Incircle and Incenter – Length of Angle Bisector AP

Length of Angle Bisector AP:

Area of Triangle ABP + Area of Triangle ACP = Area of Triangle ABC

\(\frac{1}{2}AB\times AP\sin \left( \frac{A}{2} \right)+\frac{1}{2}AC\times AP\ \sin \left( \frac{A}{2} \right)=\frac{1}{2}AB\times AC\sin A\),                   

\(\frac{1}{2}\left( c+b \right)AP\times \sin \left( \frac{A}{2} \right)=\frac{1}{2}\left( 2bc\sin \left( \frac{A}{2} \right)\cos \left( \frac{A}{2} \right) \right)\),

\(AP=\left( \frac{2bc}{b+c} \right)\cos \left( \frac{A}{2} \right)\)

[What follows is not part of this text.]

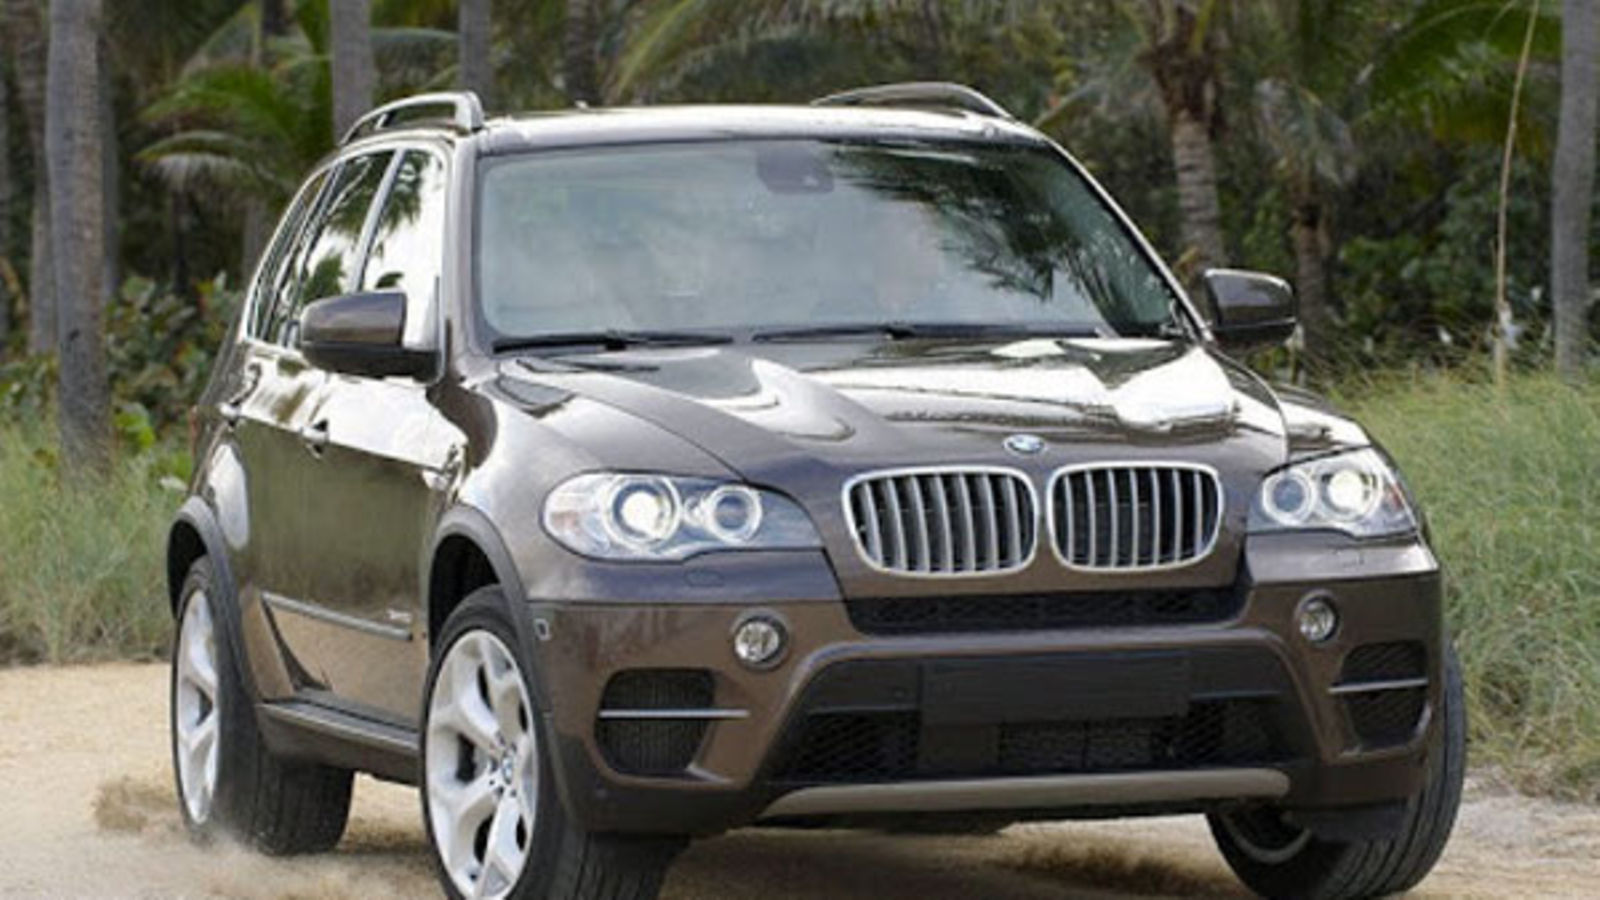 BMW E70 X5  Bmw, Bmw x5, Bmw x5 e70
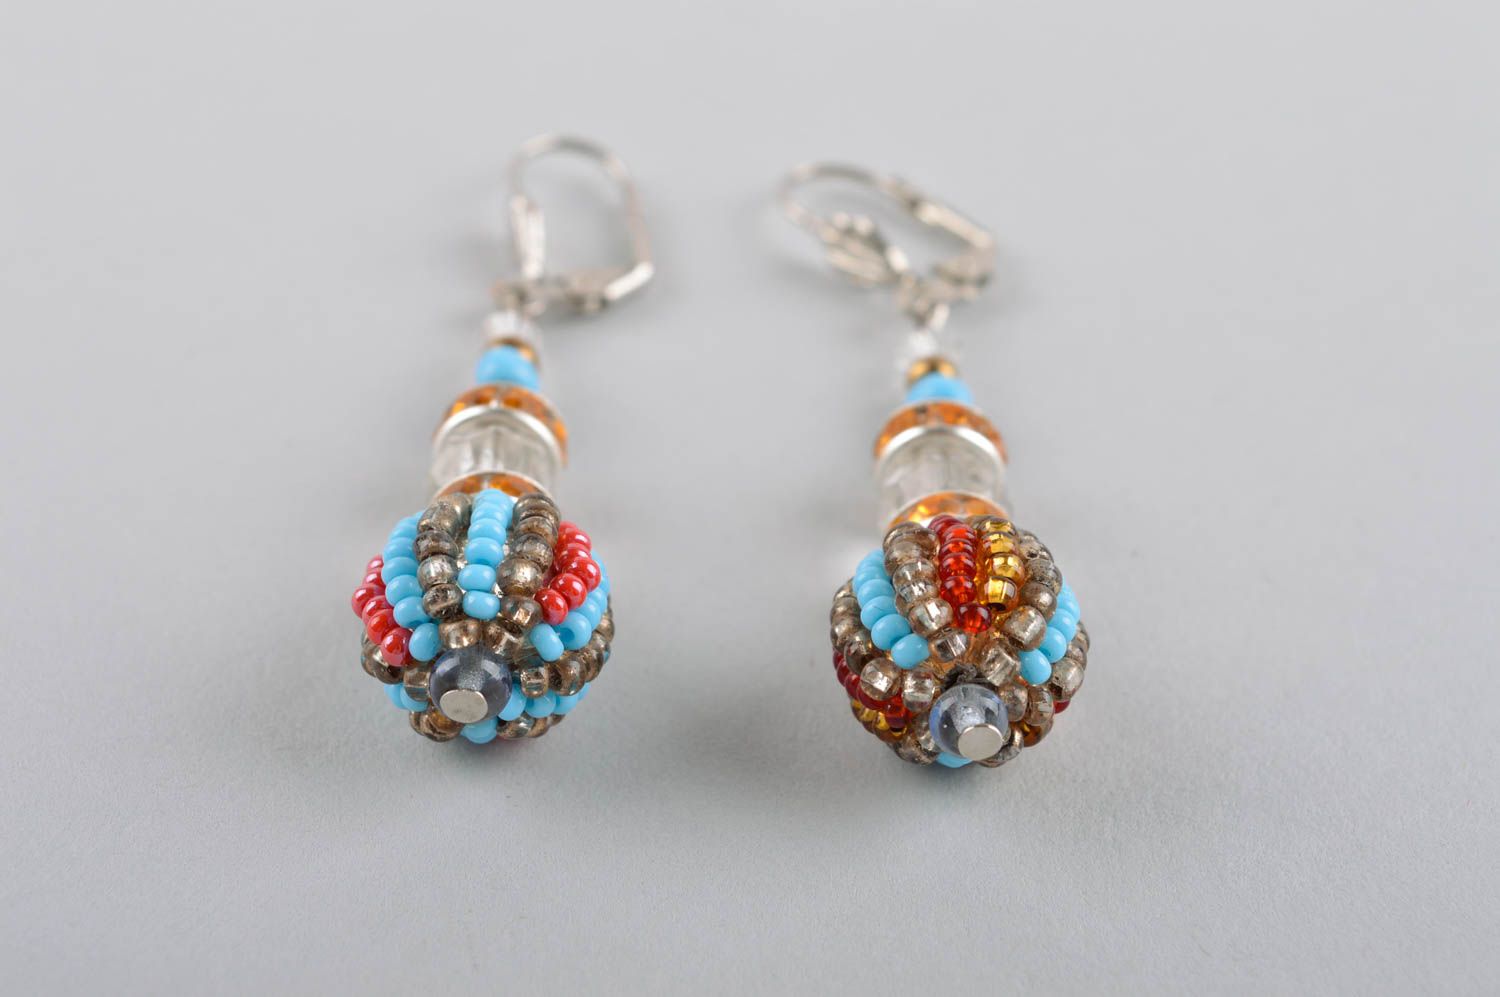 Handmade earrings ladies earrings handmade jewelry earrings for women gift ideas photo 4

Similarly, length of angle bisector through point B and C is

\(BQ=\left( \frac{2ac}{a+c} \right)\cos \left( \frac{B}{2} \right)\),                                                                                                                         

\(CR=\left( \frac{2ab}{a+b} \right)\cos \left( \frac{C}{2} \right)\),

Example: In Triangle ABC, the three bisectors of the angles A, B and C are extended to incircle at D, E and F respectively. Prove that \(AD\cos \frac{A}{2}+BE\cos \frac{B}{2}+CF\cos \frac{C}{2}=2\left( \sin A+\sin B+\sin C \right)\).

Solution:

Using sine law in triangle ABD

\(\frac{AD}{\sin \left( B+\frac{A}{2} \right)}=2R\),

\(AD=2R\sin \left( B+\frac{A}{2} \right)\),

\(AD\times \cos \frac{A}{2}=2R\cos \frac{A}{2}\sin \left( B+\frac{A}{2} \right)\),

\(=\sin \left( A+B \right)+\sin B\),

\(=\sin C+\sin B\)….(1)

Similarly, \(BE\cos \left( \frac{B}{2} \right)=\sin A+\sin C\),

\(\begin{align}& AD\cos \left( \frac{A}{2} \right)=\sin A+\sin B \\ & \\ \end{align}\),

\(AD\cos \left( \frac{A}{2} \right)+BE\cos \left( \frac{B}{2} \right)+CF\cos \left( \frac{C}{2} \right)=2\left( \sin A+\sin B+\sin C \right)\),

Hence Proved.